Pengertian PLTS dan RDF
1. PLTS (Pembangkit Listrik Tenaga Sampah)
PLTS adalah teknologi yang mengubah sampah menjadi energi listrik melalui proses termal. Sampah diolah melalui metode seperti:
- Gasifikasi: Penguraian sampah pada suhu tinggi untuk menghasilkan gas syntesis yang kemudian dibakar untuk menggerakkan turbin.
- Landfill Gas (LFG): Pengumpulan gas metana dari TPA untuk diubah menjadi listrik.
Contoh proyek PLTS di Indonesia:
- PLTS Benowo (Surabaya): Beroperasi sejak 2015 dengan kapasitas 9 MW, menggunakan teknik LFG power plant.
- PLTS Putri Cempo (Solo): Kapasitas 2,5 MW, mengolah 200 ton sampah/hari melalui gasifikasi.

2. RDF (Refuse-Derived Fuel)
RDF adalah teknologi konversi sampah menjadi bahan bakar padat melalui proses:
- Sortasi: Memisahkan sampah organik dari anorganik.
- Shredding: Menghancurkan sampah menjadi ukuran kecil.
- Drying: Pengeringan untuk mengurangi kadar air.
- Pelletizing: Pembentukan bahan bakar padat (pellet).
Contoh proyek RDF di Indonesia:
- RDF Plant Rorotan (Jakarta): Kapasitas 2.500 ton/hari, dioperasikan oleh PT. Sumber Energi Rejeki.

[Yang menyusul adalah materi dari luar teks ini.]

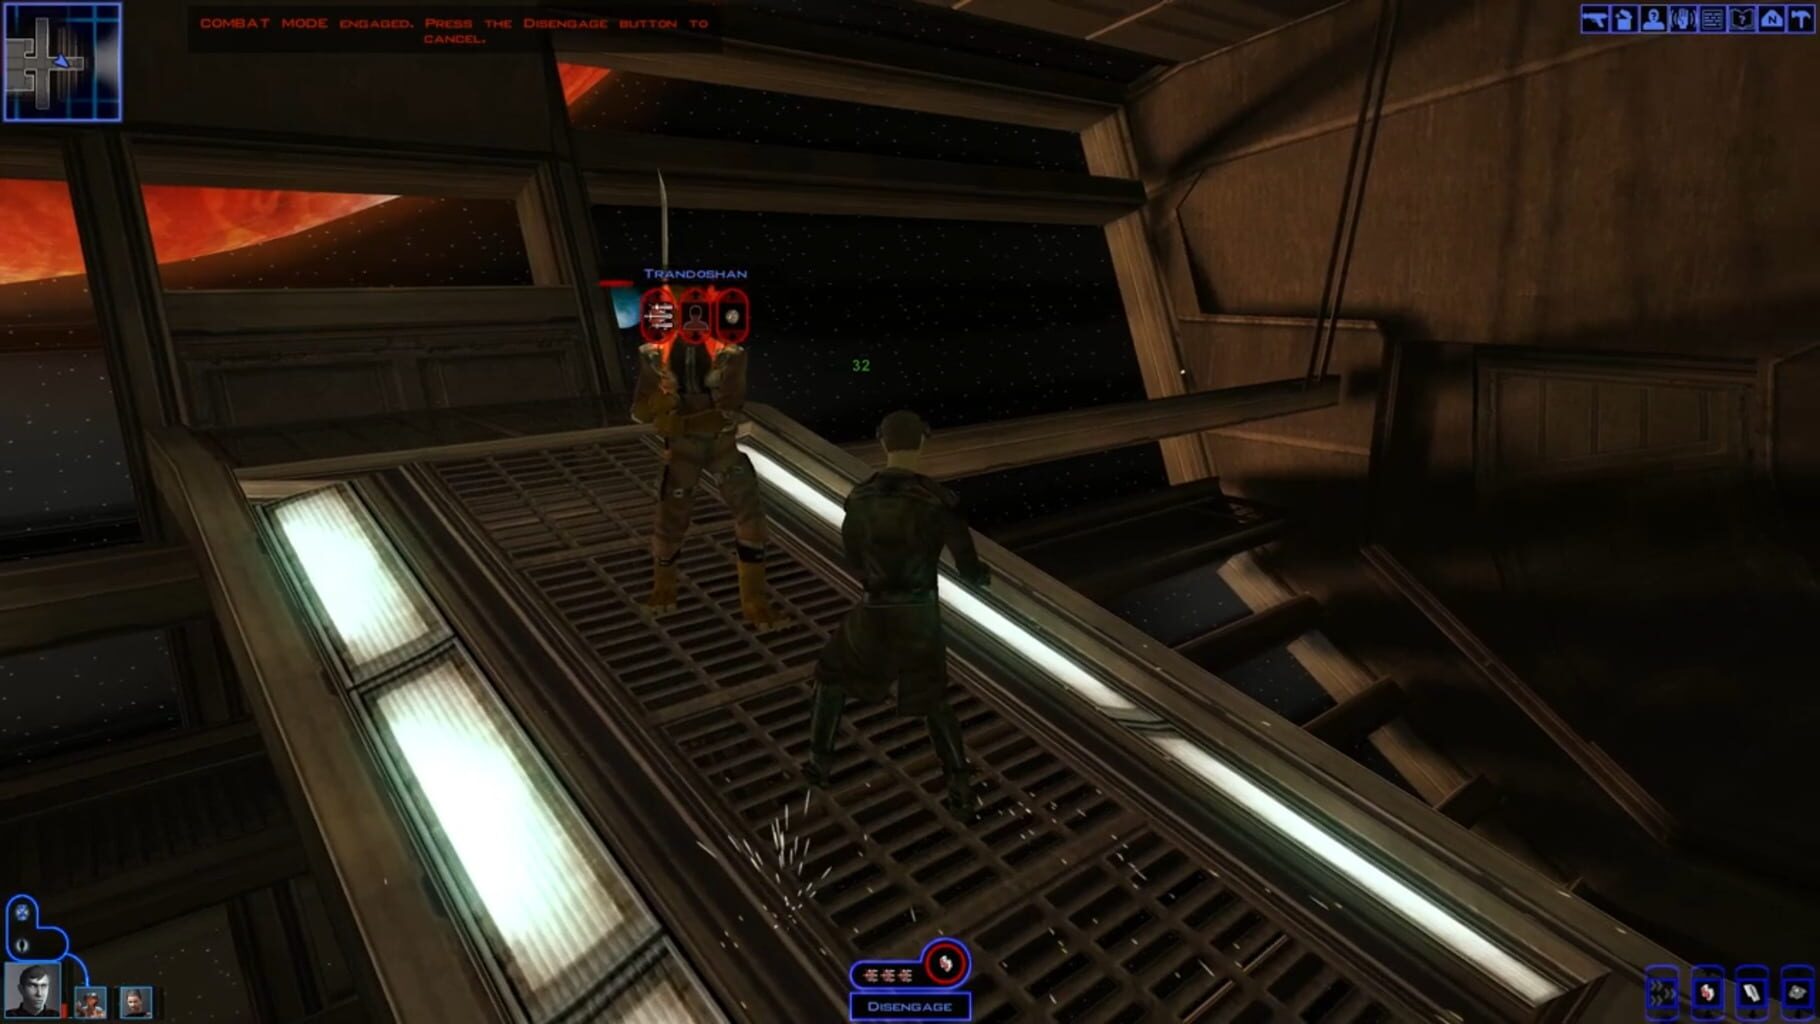 Captura de pantalla - Star Wars: Knights of the Old Republic - Yavin Station
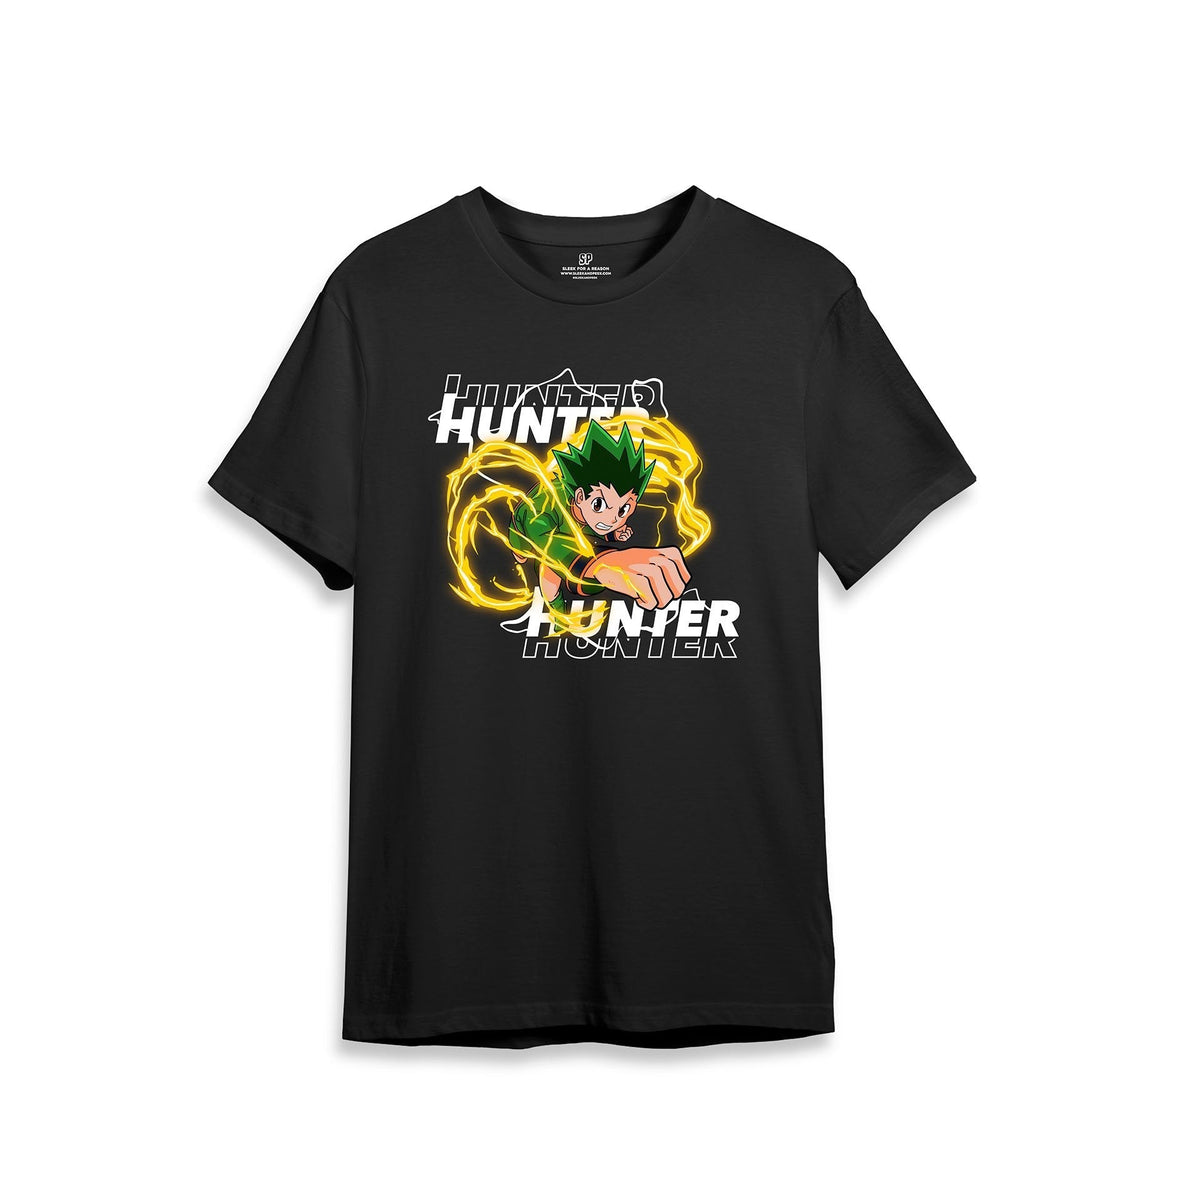 Gon Freecss - Hunter X Hunter T-shirt - Sleek&Peek

3. Perbandingan PLTS vs RDF
Teknologi | Investasi | Kapasitas Olah | Dampak Lingkungan | Status Implementasi |
---|---|---|---|---|
PLTS | Rp 1,28 triliun+ | 1.500–2.000 ton/hari | Pencemaran udara tinggi (NOx, SOx) | 2 proyek selesai (Benowo, Putri Cempo) |
RDF | Rp 1,28 triliun | 2.500 ton/hari | Emisi gas beracun (dioxin) | 1 proyek beroperasi (Rorotan) |
Catatan: Angka di atas bersumber dari laporan KLHK (2023) dan Tempo.co (2023).
Dua teknologi ini dianggap solusi "cepat" untuk mengatasi sampah, tetapi mengapa mereka gagal total? Kita akan bahas lebih dalam pada Section 3.
Kenapa PLTS dan RDF Tidak Efektif?
1. Keterbatasan Teknis
PLTS: Teknologi gasifikasi yang digunakan di proyek seperti PLTS Putri Cempo mengalami kendala karena karakteristik sampah di Indonesia yang tinggi kadar air (60-70%). Gasifikasi optimal hanya berlaku untuk sampah dengan kadar air <20% .
RDF: Proses konversi sampah menjadi bahan bakar padat membutuhkan investasi tinggi untuk mesin Trommel dan shredder. Namun, kapasitas olah terbatas. Contoh:
- RDF Plant Rorotan hanya mampu mengolah 2.500 ton/hari dari total 10.000 ton/hari sampah Jakarta.
- Proyek PLTS Benowo di Surabaya hanya mengolah 1.500 ton/hari dari 2.500 ton/hari sampah kota.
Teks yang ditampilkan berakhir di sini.